◆ WHAT IS BEING ASKED
Once the line with "Pantaloni in Maglia-Grigio-large" is found, repeat it and all later lines exactly through the end of the listing below, with the pictures left out.

◆ DATA BELOW
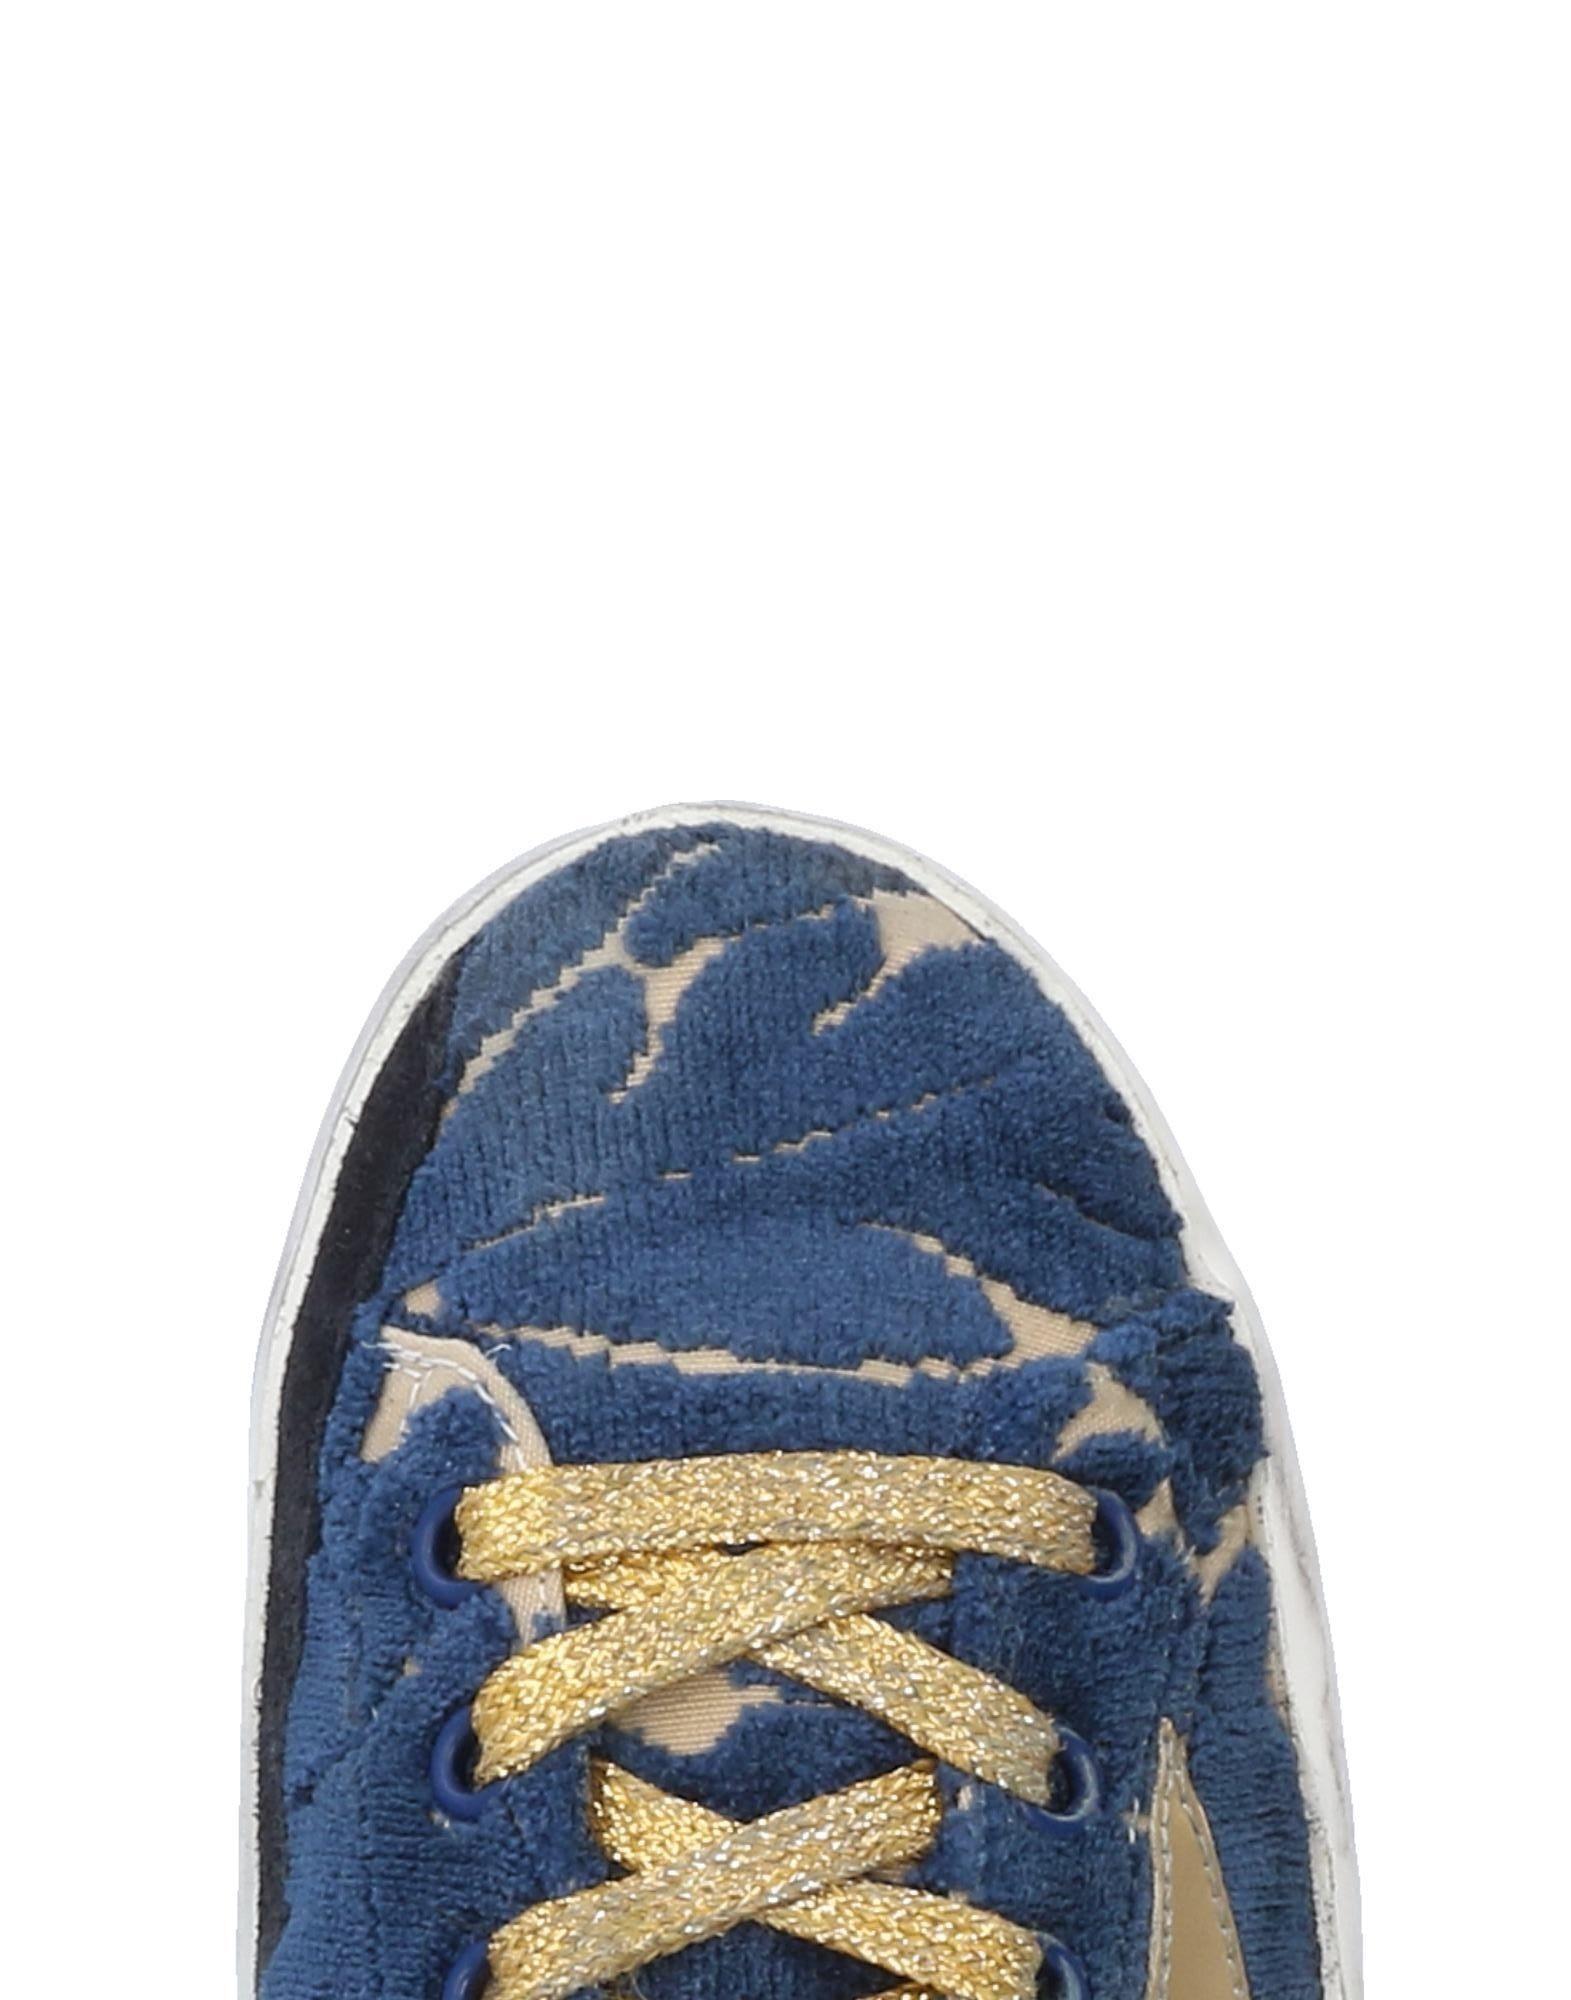 Golden Goose Deluxe Brand Sneakers - Women Women Women Golden Goose Deluxe Brand Sneakers online on  United Kingdom - 11459364RI db0279
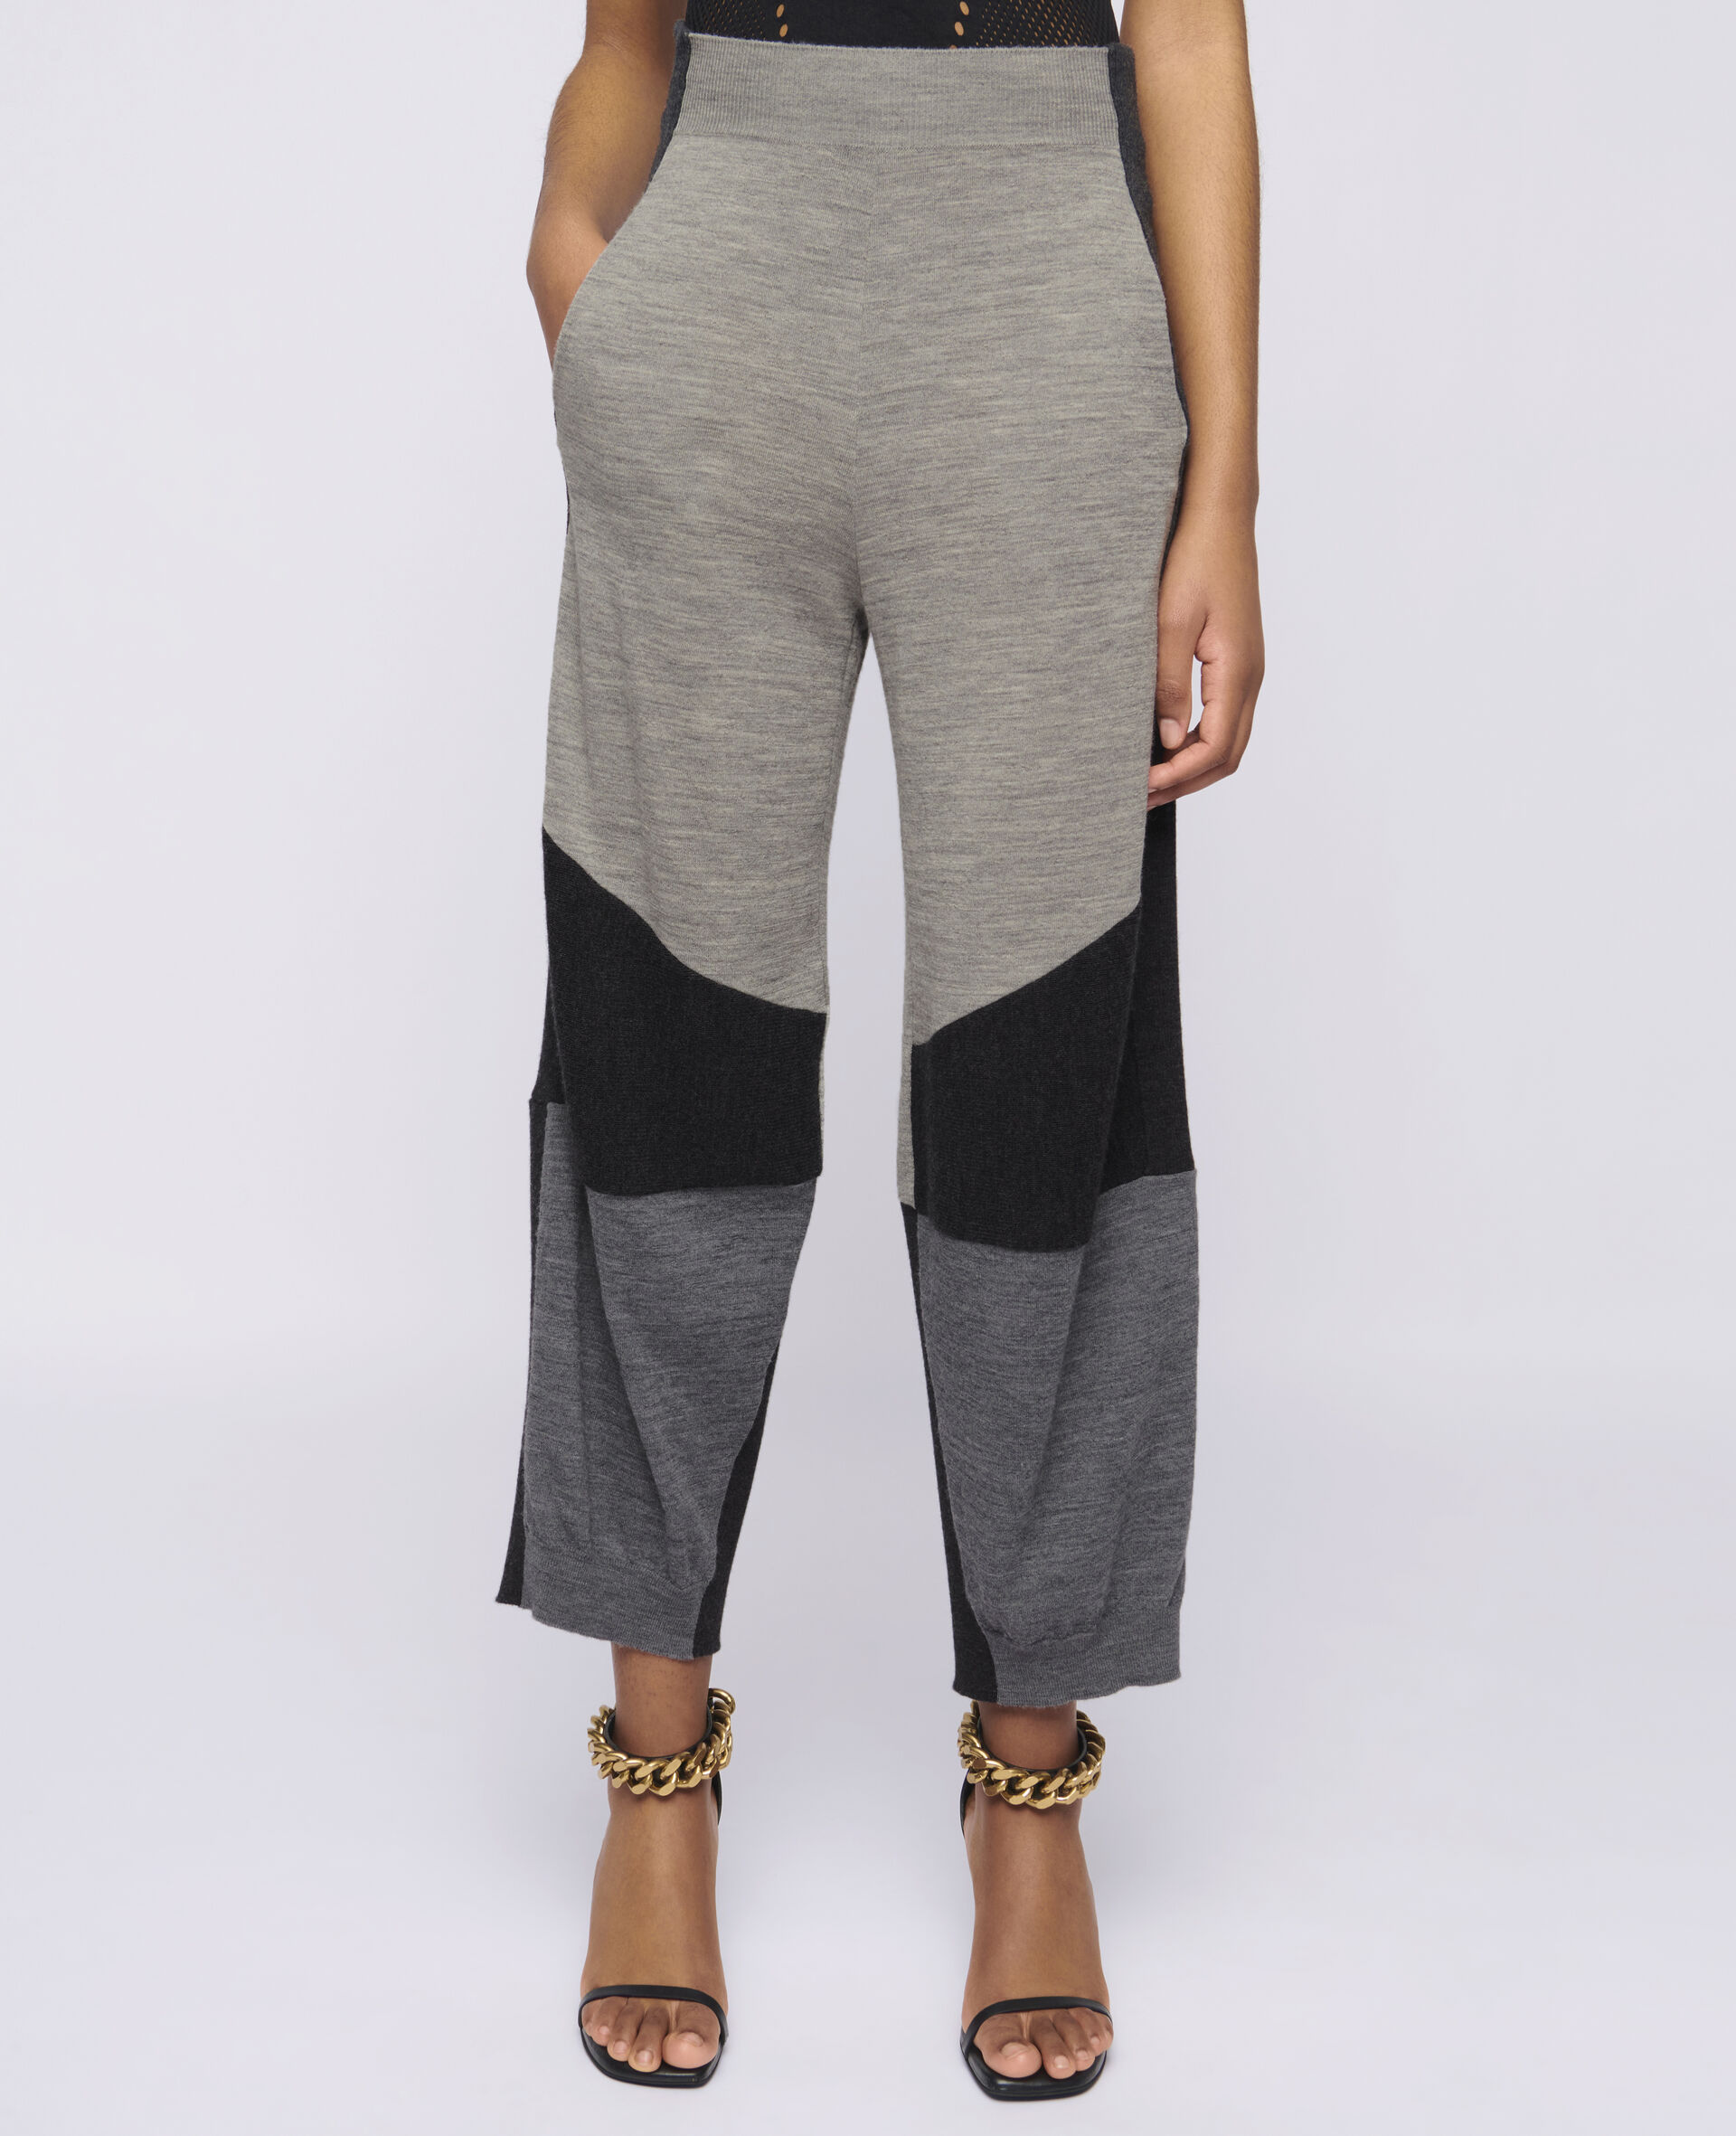 Pantaloni in Maglia-Grigio-large image number 3
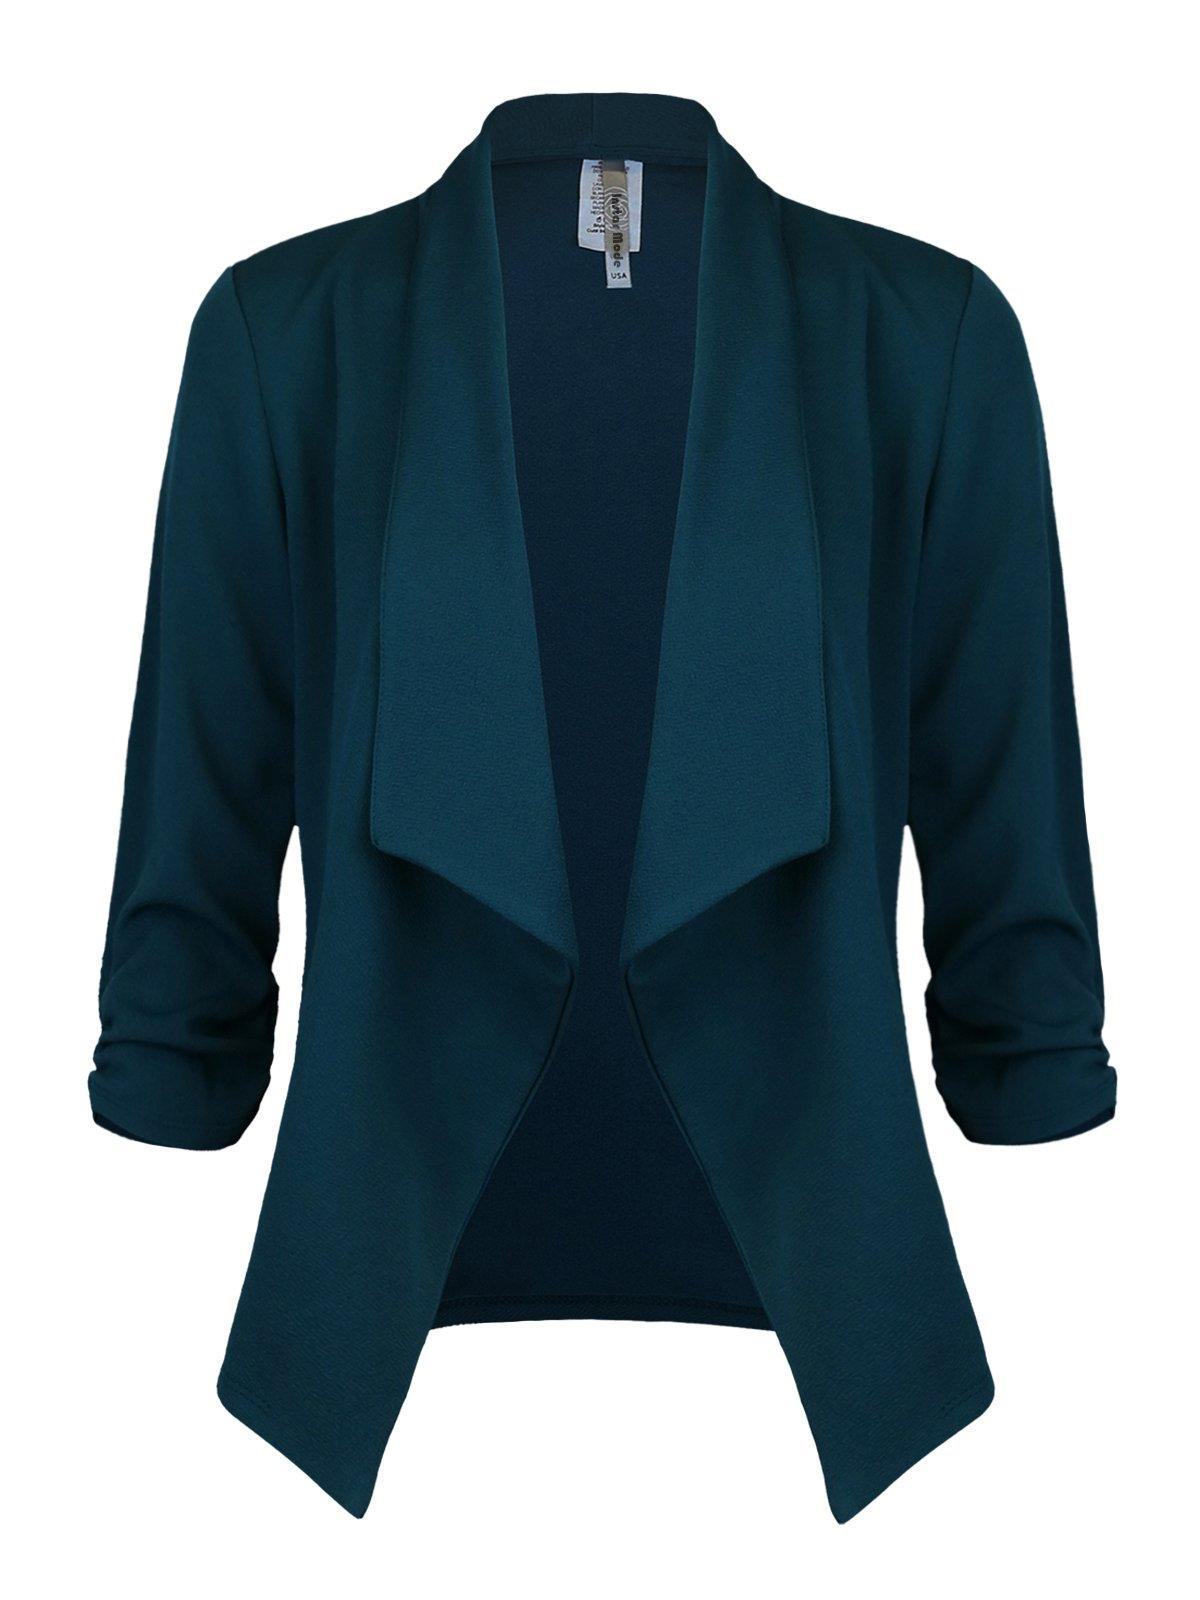 Instar Mode Women's Versatile Business Attire Blazers in Varies Styles (B12316 Green, Medium) by Instar Mode (Image #1)

◆ RESULT OF THE TASK
 Pantaloni in Maglia-Grigio-large image number 3
 Instar Mode Women's Versatile Business Attire Blazers in Varies Styles (B12316 Green, Medium) by Instar Mode (Image #1)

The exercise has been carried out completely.